====== Dataset content ======
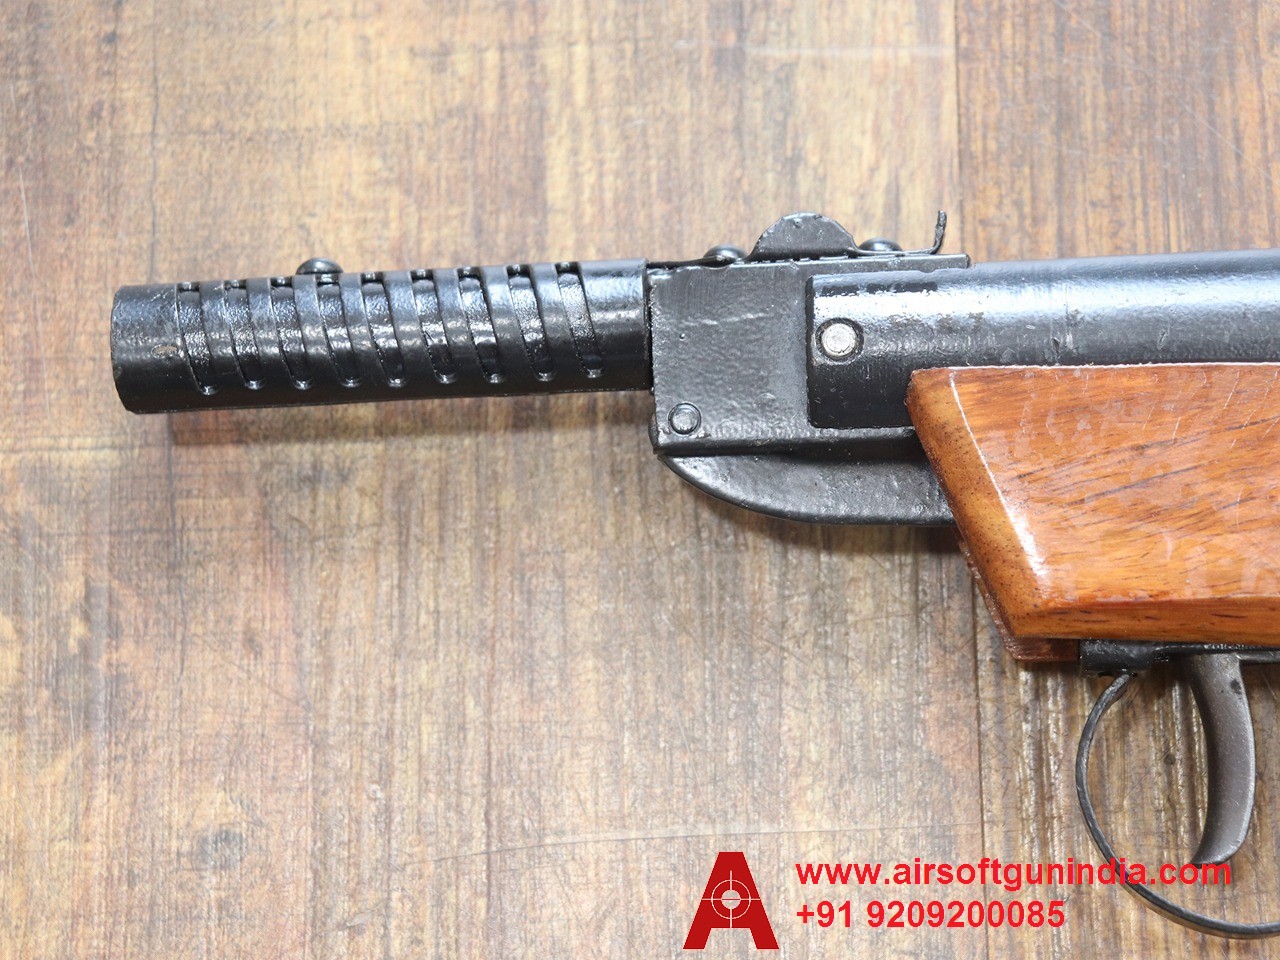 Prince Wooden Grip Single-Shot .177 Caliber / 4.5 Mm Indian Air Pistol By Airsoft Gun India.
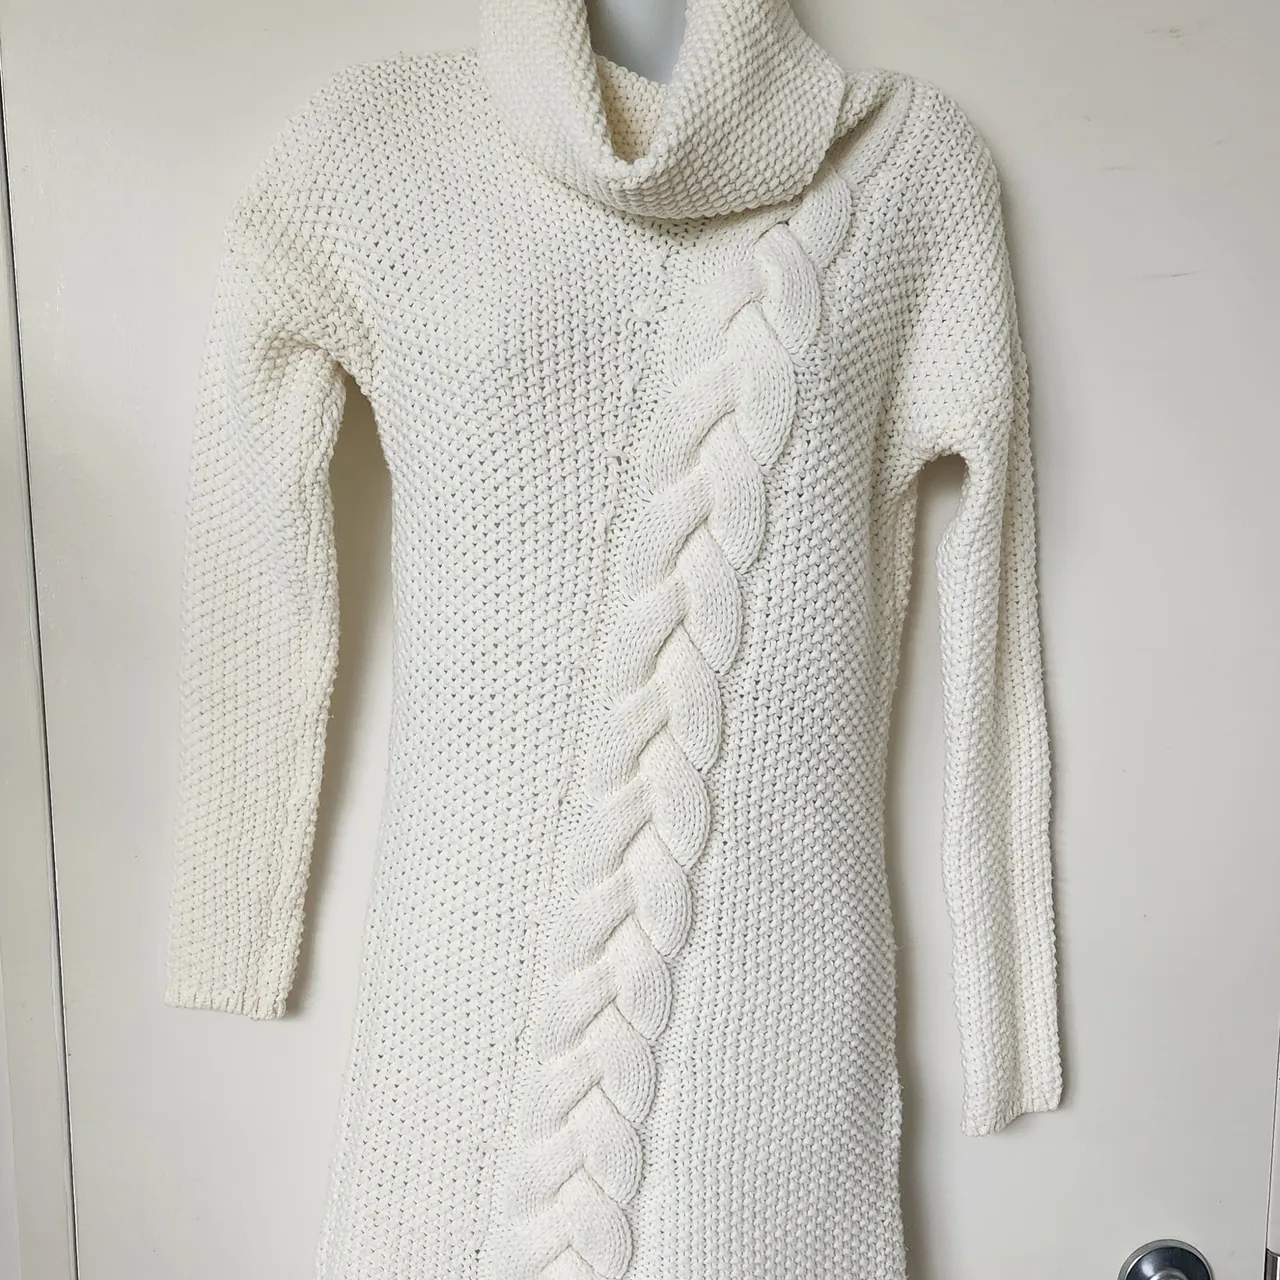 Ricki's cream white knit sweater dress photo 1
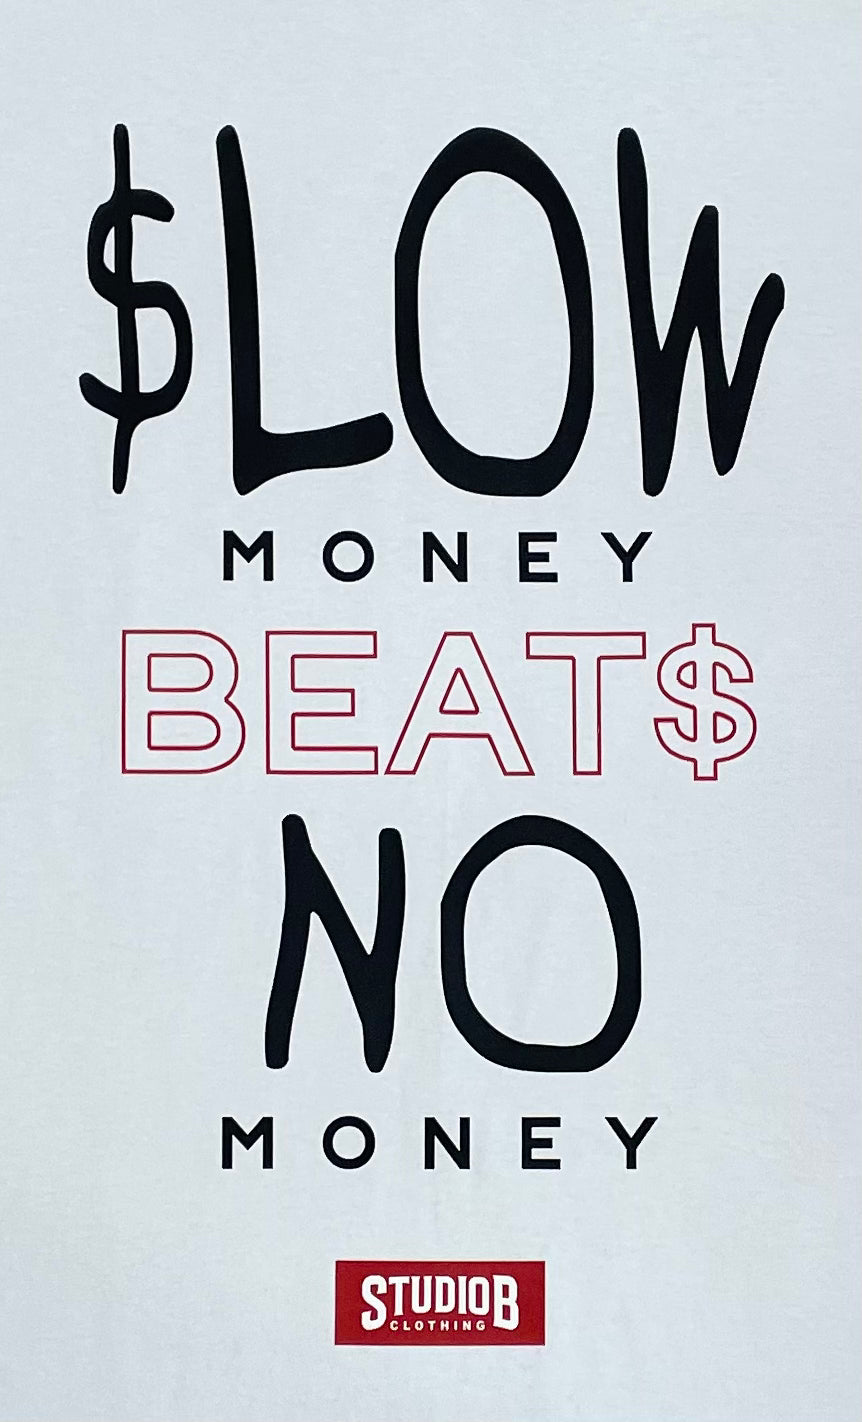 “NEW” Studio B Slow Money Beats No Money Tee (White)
======
=== Work required ===
Repeat the material exactly and drop each image.

=== Answer to the exercise ===
 Prince Wooden Grip Single-Shot .177 Caliber / 4.5 Mm Indian Air Pistol By Airsoft Gun India.
 Ricki's cream white knit sweater dress photo 1
 “NEW” Studio B Slow Money Beats No Money Tee (White)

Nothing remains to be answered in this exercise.